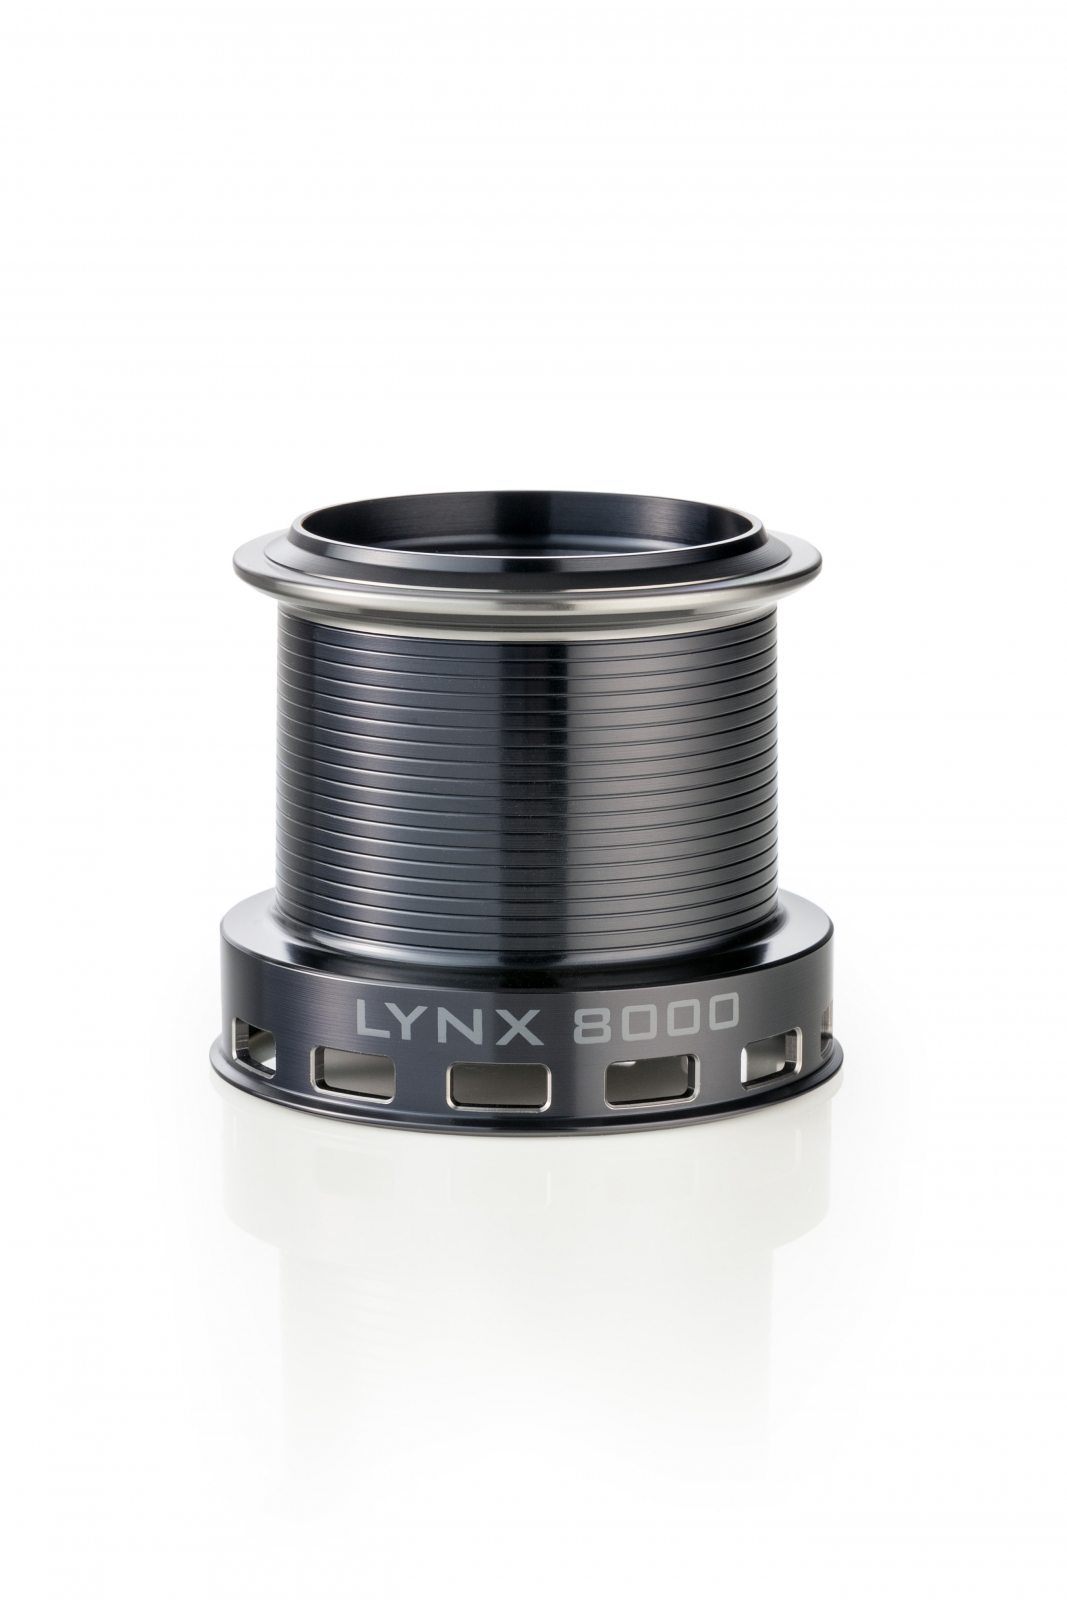 Europe Shop Mivardi MIV-RLYNXS080 Spare spool for Lynx 8000
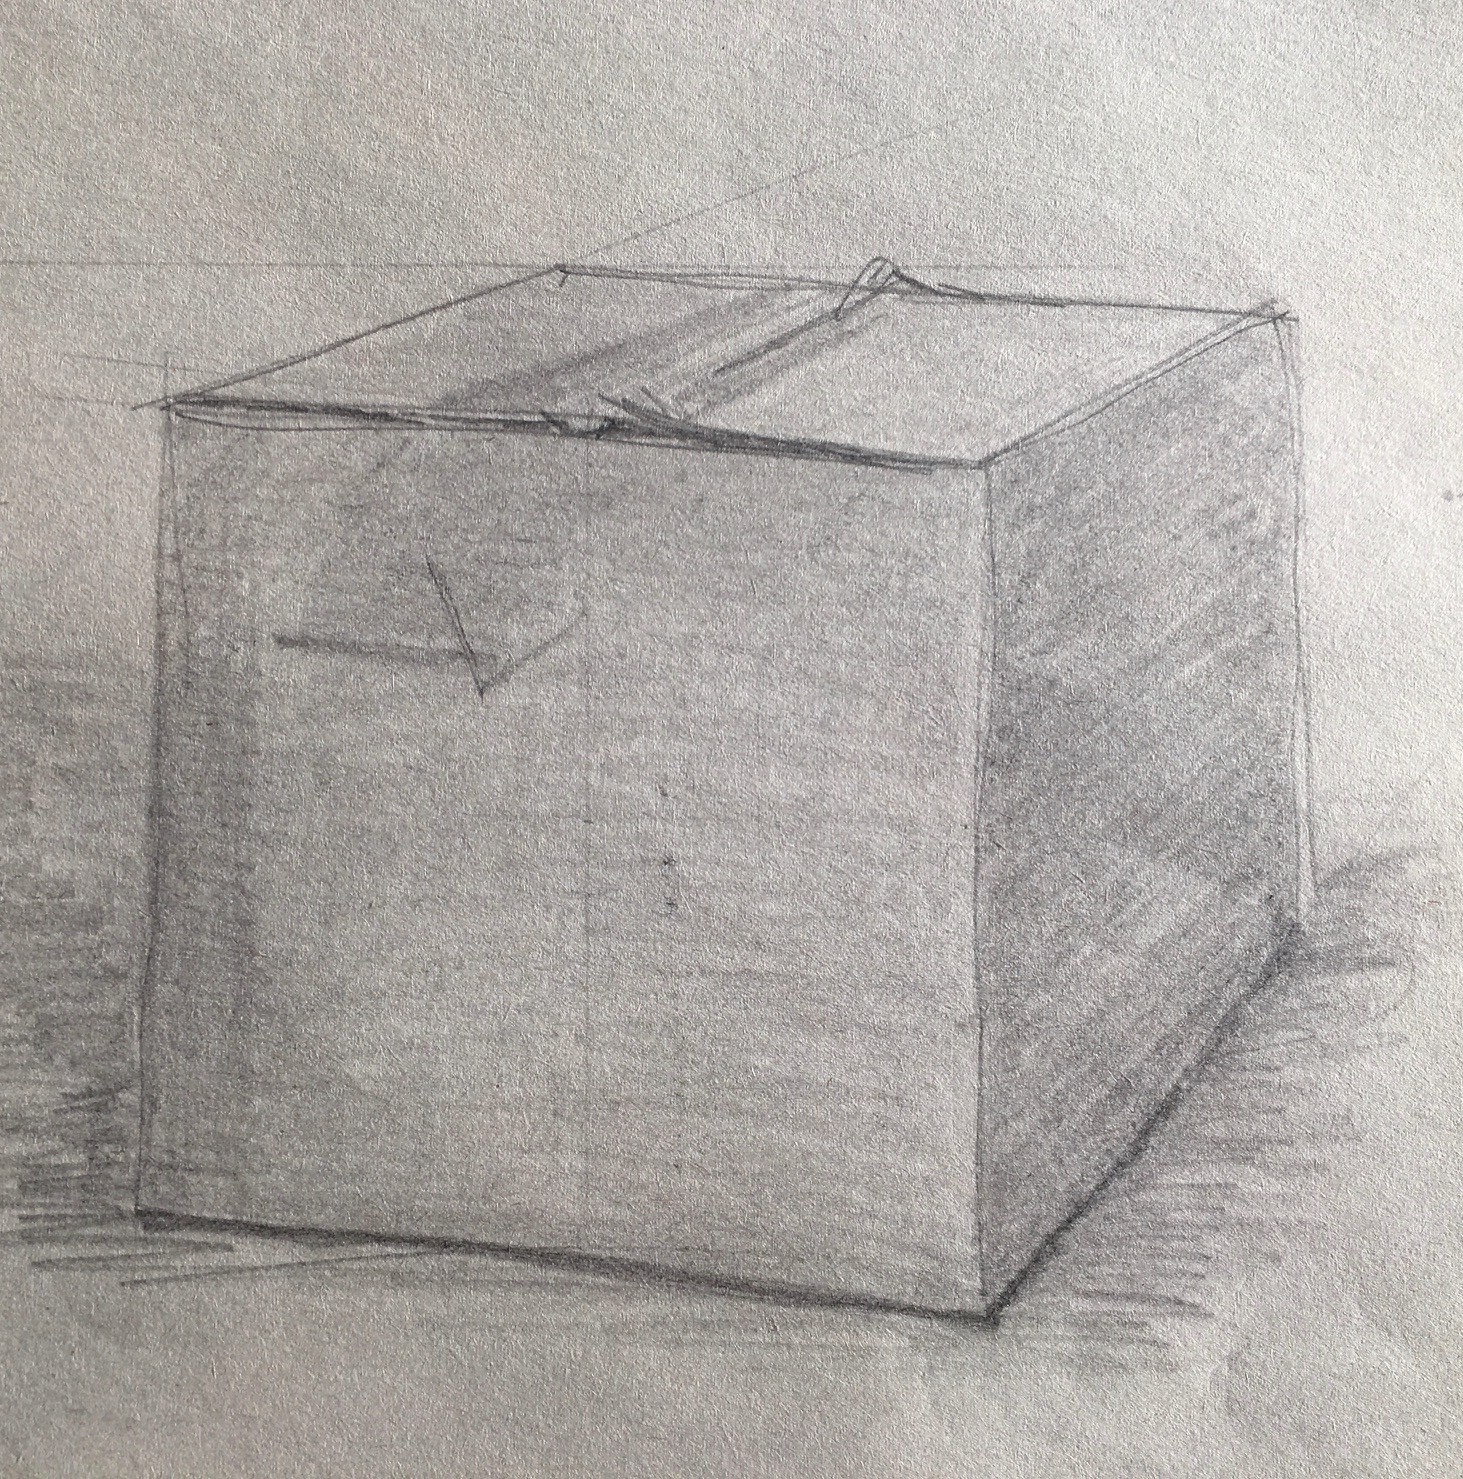 Box #2, 2018
Pencil on Paper
7"W x 6.5"H, Walli White, artist
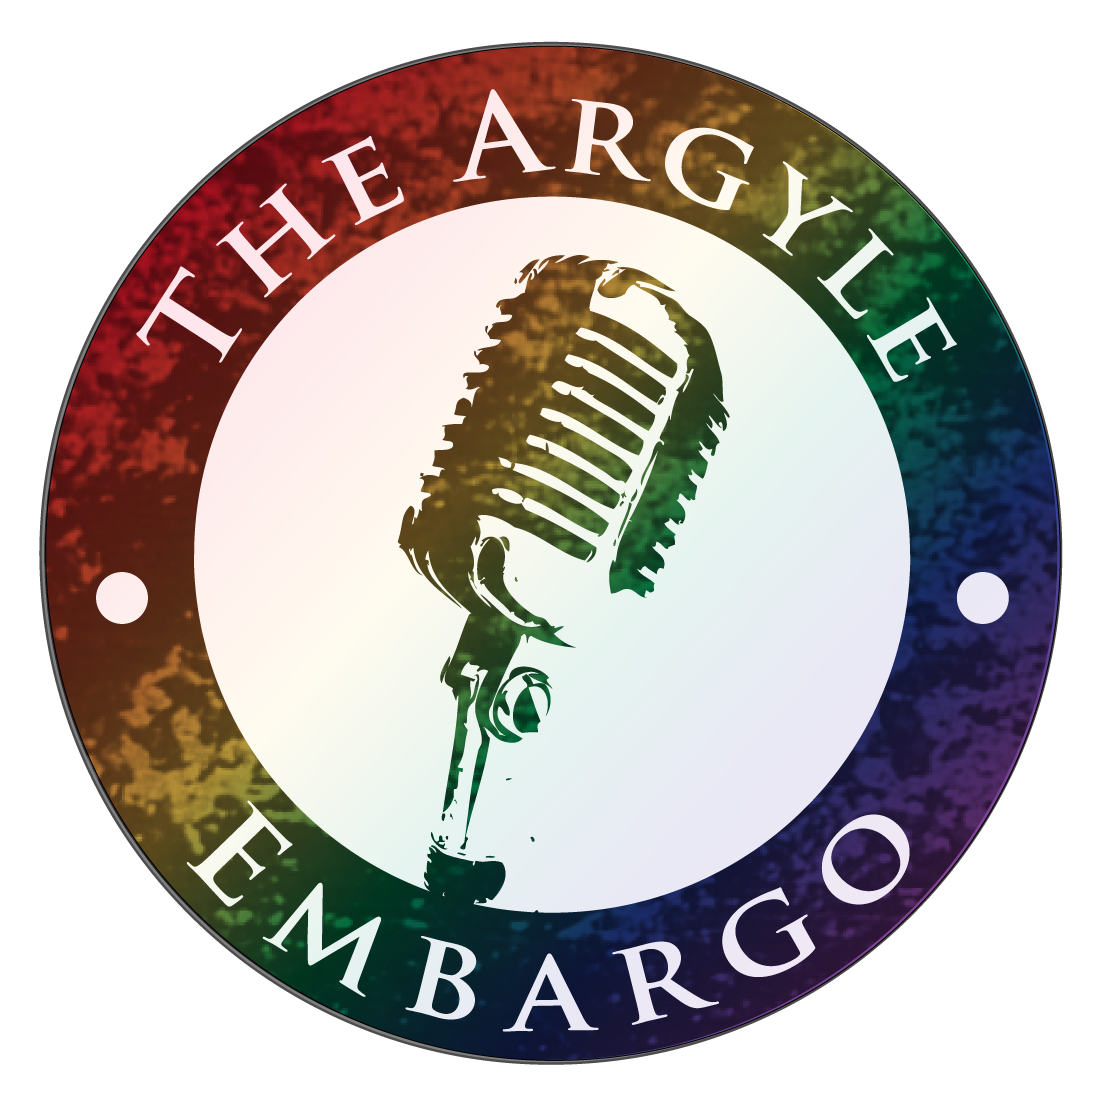 The Argyle Embargo
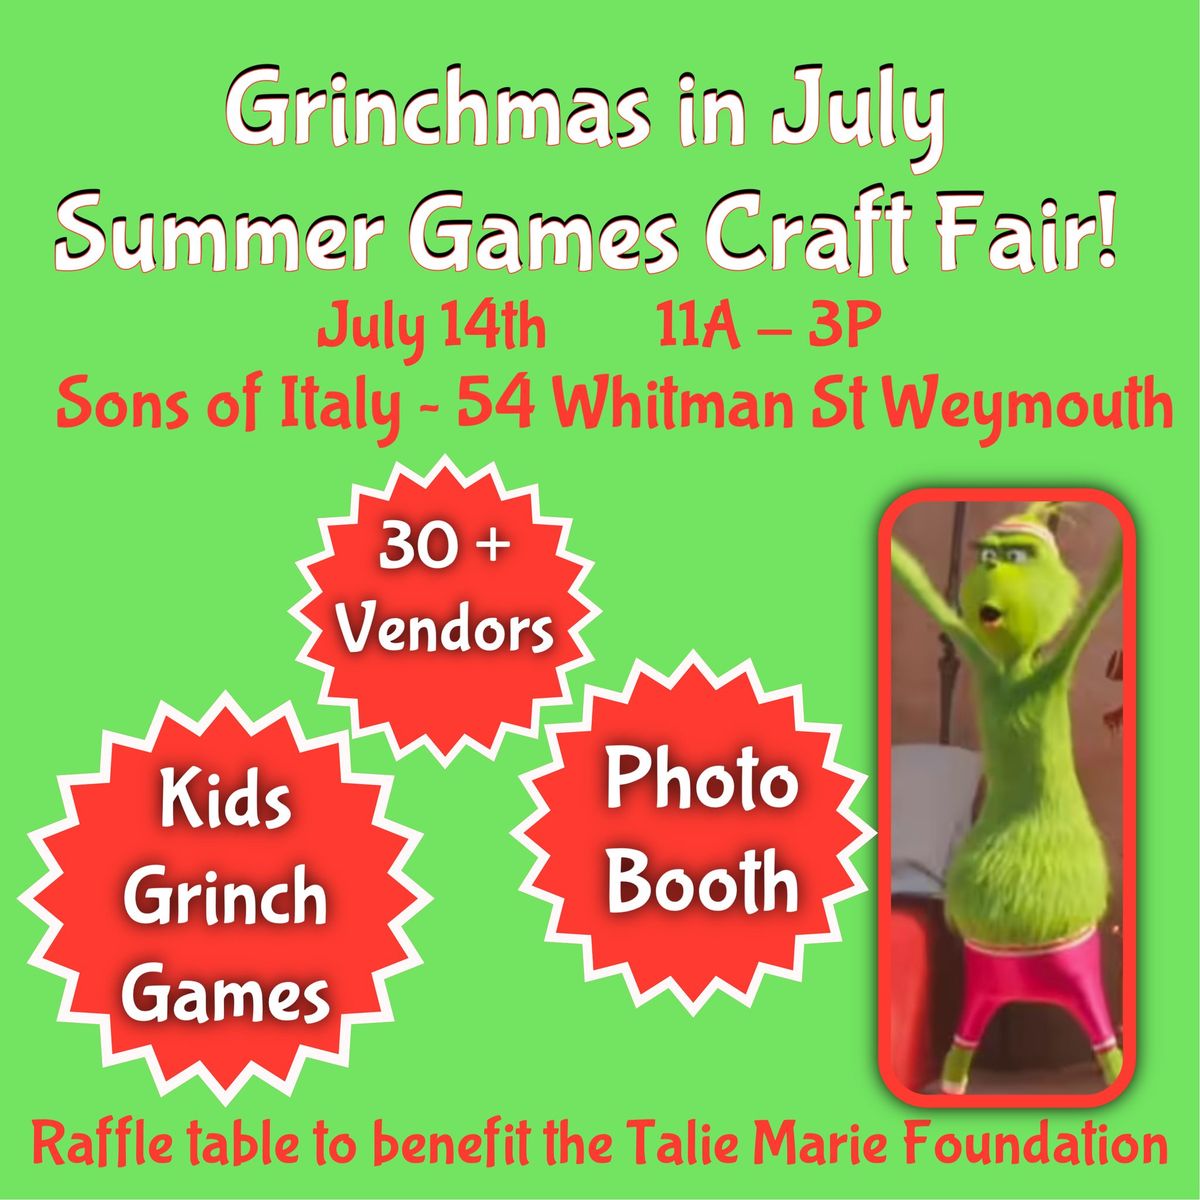 GRINCHMAS in July Summer Games Craft Fair

### What you have to do
Exact repetition of the data is needed, with no images retained.

### Answer box
 Europe Shop Mivardi MIV-RLYNXS080 Spare spool for Lynx 8000
 Box #2, 2018
Pencil on Paper
7"W x 6.5"H, Walli White, artist
 The Argyle Embargo
 GRINCHMAS in July Summer Games Craft Fair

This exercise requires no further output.